Ce sera seulement le troisième long métrage réalisé par le jeune cinéaste (il n'a pas 40 ans) dont le premier film, Safety not guaranteed n'est pas sorti en France. Bien sûr, cette marque de confiance de la part des studios Disney a tout à voir avec le fait que Jurassic World soit devenu cet été le troisième plus gros succès de tous les temps.

Autre annonce du studio, le casting du premier épisode du spin off Star Wars Anthology, intitulé Rogue One et signé Gareth Edwards, sera composé de Mads Mikkelsen, Forest Whitaker, Felicity Jones, Diego Luna, Ben Mendelsohn, Donnie Yen, Jiang Wen, Alan Tudyk et Riz Ahmed (notre photo). Le film est prévu pour décembre 2016.

D'ici là, on aura découvert Star Wars : Episode VII - Le Réveil de la Force réalisé par J.J. Abrams, en salles le 18 décembre prochain. L'épisode VIII, réalisé par Rian Johnson (Looper), est quant à lui attendu le 26 mai 2017.

Star Wars: Han Solo, star du second spin-off

Posté par cynthia, le 8 juillet 2015

On en sait désormais un peu plus sur le deuxième volet de Star Wars Anthologie, la série de spin-offs autour de la saga. Celui-ci aura pour héros Han Solo. Il sera mis en scène par Christopher Miller et Phil Lord, deux réalisateurs habitués des sommets du box office avec  La Grande aventure Lego, Tempête de boulettes géantes ou encore 21 et 22 Jump Street.

Centré sur la jeunesse de Han Solo (Harrison Ford dans la trilogie d'origine et dans le prochain Star Wars qui sort en décembre), le film se passera au moment où le futur héros devient un scélérat et un contrebandier voleur, c'est-à-dire avant que Luke Skywalker et Obi-Wan Kenobi ne le rencontrent. Il s'agit donc d'un prequel à l'épisode IV, se situant à peu près à la même époque que les épisodes I, II et III (la trilogie réalisée à partir de la fin des années 90).

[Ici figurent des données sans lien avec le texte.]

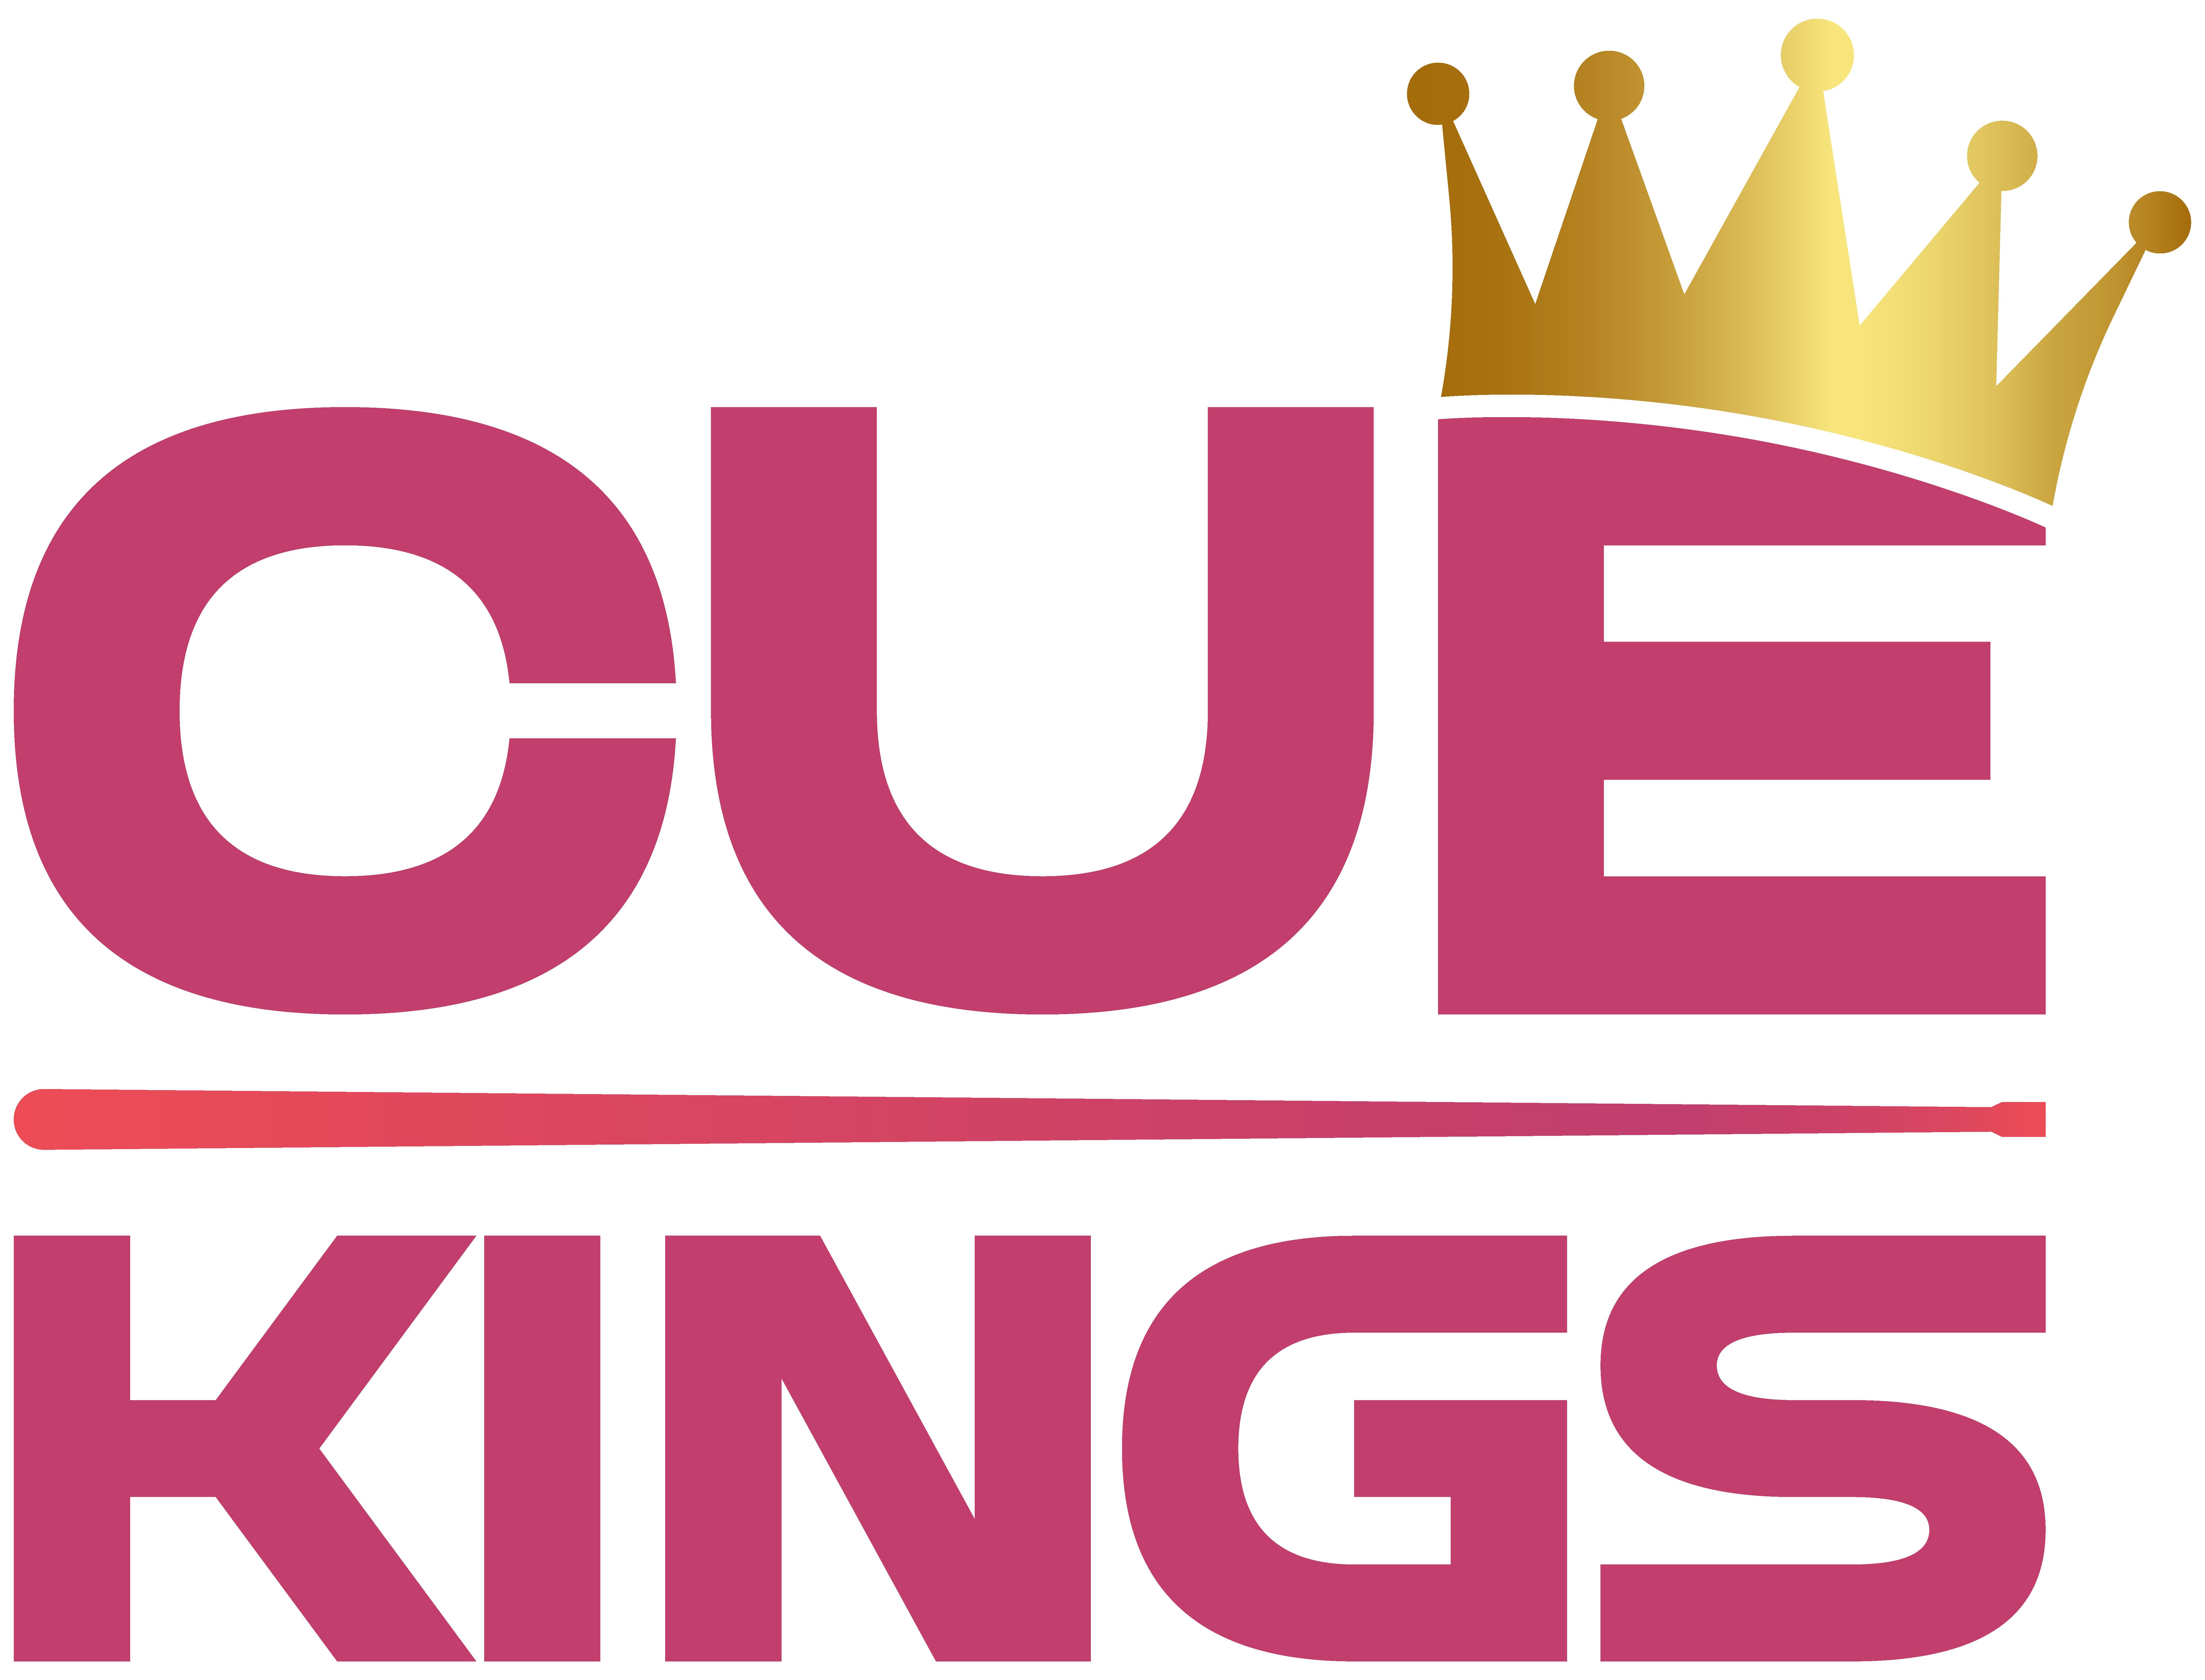 CueKings

Le premier spin-off, Rogue One, qui sortira en 2016, se situe à la même époque mais aura pour personnages principaux des soldats rebelles. Gareth Edwards réalisera ce film, où l'on devrait revoir Dark Vador.

Les deux cinéastes Christopher Miller et Phil Lord déclarent dans un communiqué avoir hâte de débuter le travail: "C’est la première fois qu’on travaille sur un film en ayant une si bonne idée de départ. On promet qu'on va prendre des risques et offrir au public une nouvelle expérience. On fera tout pour être des serviteurs fidèles à ces personnages qui veulent dire tant de choses pour chacun d’entre nous", déclarent-ils. "Pour nous, c'est un rêve qui devient réalité. Pas le genre de rêve dans lequel vous êtes en retard au boulot, où vous arrivez avec des vêtements qui ne ressemblent plus à rien, mais le genre de rêve où on vous confie la réalisation d’un film avec certains des personnages parmi les plus géniaux jamais créés, pour une franchise que vous avez toujours adorée depuis que vous avez l'âge de vous souvenir de vos rêves."

Cet Han Solo est attendu dans les salles de cinéma le 25 mai 2018. Lawrence Kasdan (Les aventures de l'arche perdue, L'Empire contre attaque, Le Réveil de la Force) et son fils Jon Kasdan (The First Time) ont la responsabilité du scénario. Il ne reste plus qu'à savoir qui incarnera Han Solo "jeune".